A comparison of haplogroup Q among Altaians and Ashkenazi Jews was undertaken by Dienekes Pontikos (2004), who operates a respected website dedicated to the examination of anthropological, archaeological and genetic research.

This is an opinion. “Respected?”  By whom?  The author?  Is MajorityRights a “respected” website?  Why or why not?

However, the very frequency and repetitiousness of the promulgation of such laws are … indications of their ineffectiveness” (Patai 1989, p. 105).  Unfor-tunately, we do not have an accurate picture of the frequency of such sexual contact between Jews and Christians, since only those relatively few cases which led to criminal prosecution are known.  How-ever, Patai believes the number was significantly higher than that reported by the authorities.

Evidence?  Because Patai says so, so there!  “Patai believes…” – why that is clear evidence right there!  For some reason, the author has no problem in accepting these opinions along with the author’s statement above about the Jews resisting assimilation and the comment below concerning 500 years of endogamy.  I wonder - does the author consider a book entitled “The Myth of the Jewish Race” to be a dispassionate objective study of Jewish origins, rather than obfuscatory apologia?

Such prohibitions did not prevent such sexual contact among Christians and Jews; nor did it prevent Christians from converting to Judaism, individually and in groups, though it was probably much more common for Jews to convert or simply leave the Jewish community, given the significant oppression they faced in Europe.

And that “significant oppression” is due to what?

Frankly, the fact that Jews have substantial European ancestry is obvious to most onlookers – many Jews look like Europeans.

And many Jews do not.  And, what does the author mean by “… look like Europeans?”  Is this author – gasp! – implying that European-derived peoples have a distinctive look that separates them from other peoples?  Can’t have it both ways.

The question for DNA researchers was: How much of that European appearance actually translates into European genetic ancestry?

That question cannot be answered with the methodologies and studies discussed in this essay.

Patai (1989, pp. 16-17) argues that the Jews had never lived in sufficient reproductive isolation to have developed distinctive genetic features.

Apparently then, Tay Sachs and other Jewish genetic diseases are simply a figment of our imaginations.  As well, the specific Ashkenazi profile of verbal intelligence, so often discussed recently at Steve Sailer’s site, is another figment of our imagination.

Rather, he states that “all the available evidence indicates that throughout their history the Jews continually received an inflow of genes from neighboring populations as a result of proselytism, intermarriage, rape, the birth of illegitimate children fathered by Gentiles, and so on.

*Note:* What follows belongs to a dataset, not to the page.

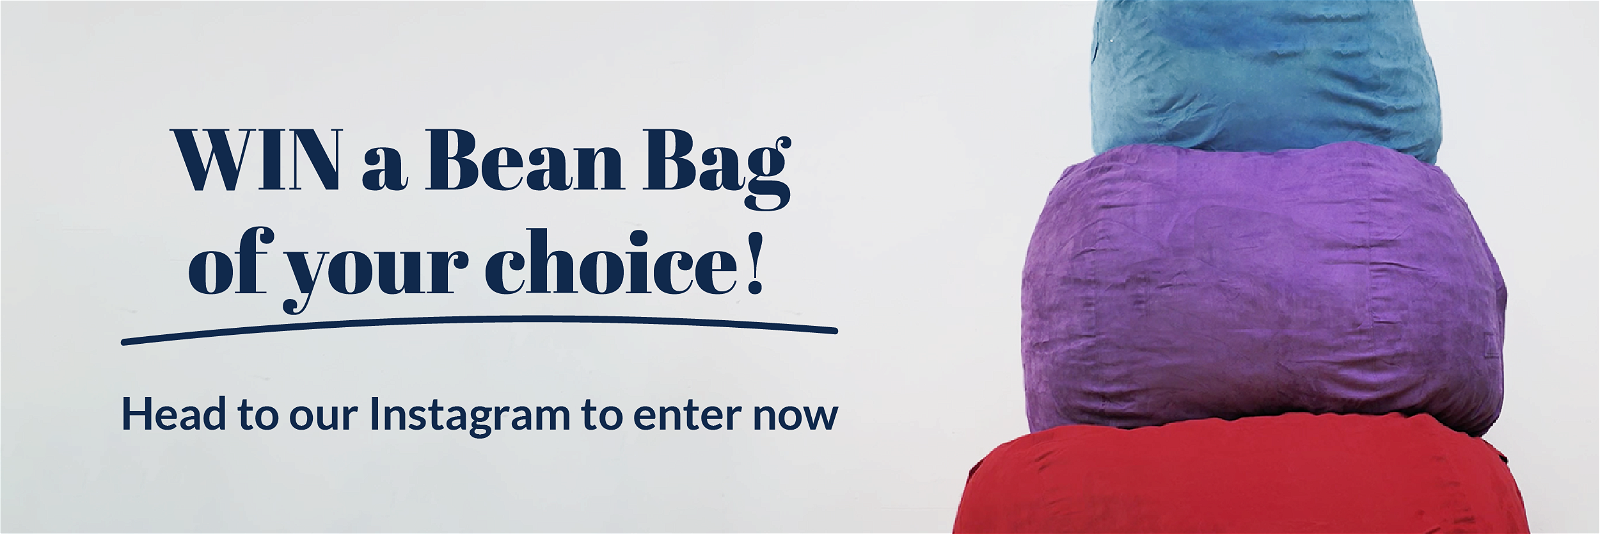 WIN A Bean Bag of your choice!

“..and so on.”  Very comprehensive and scientific, that.

There are clearly some problems with Patai’s hypothetical scenario.

Probably, the most reasonable and accurate sentence in the entire essay.

He cites various authors, including Cavalli-Sforza and Carmelli, who estimate such admixture rates to be approximately 40% for Ashkenazi Jews.

Right. If the 40% gentile European admixture is accepted, that means that the Ashkenazim are 60% non-European.  In contrast, current estimates for the European genetic component for Puerto Ricans and Mexicans is higher than 40%.  In any case, we need more data before accepting the 40% figure as being either too high or too low.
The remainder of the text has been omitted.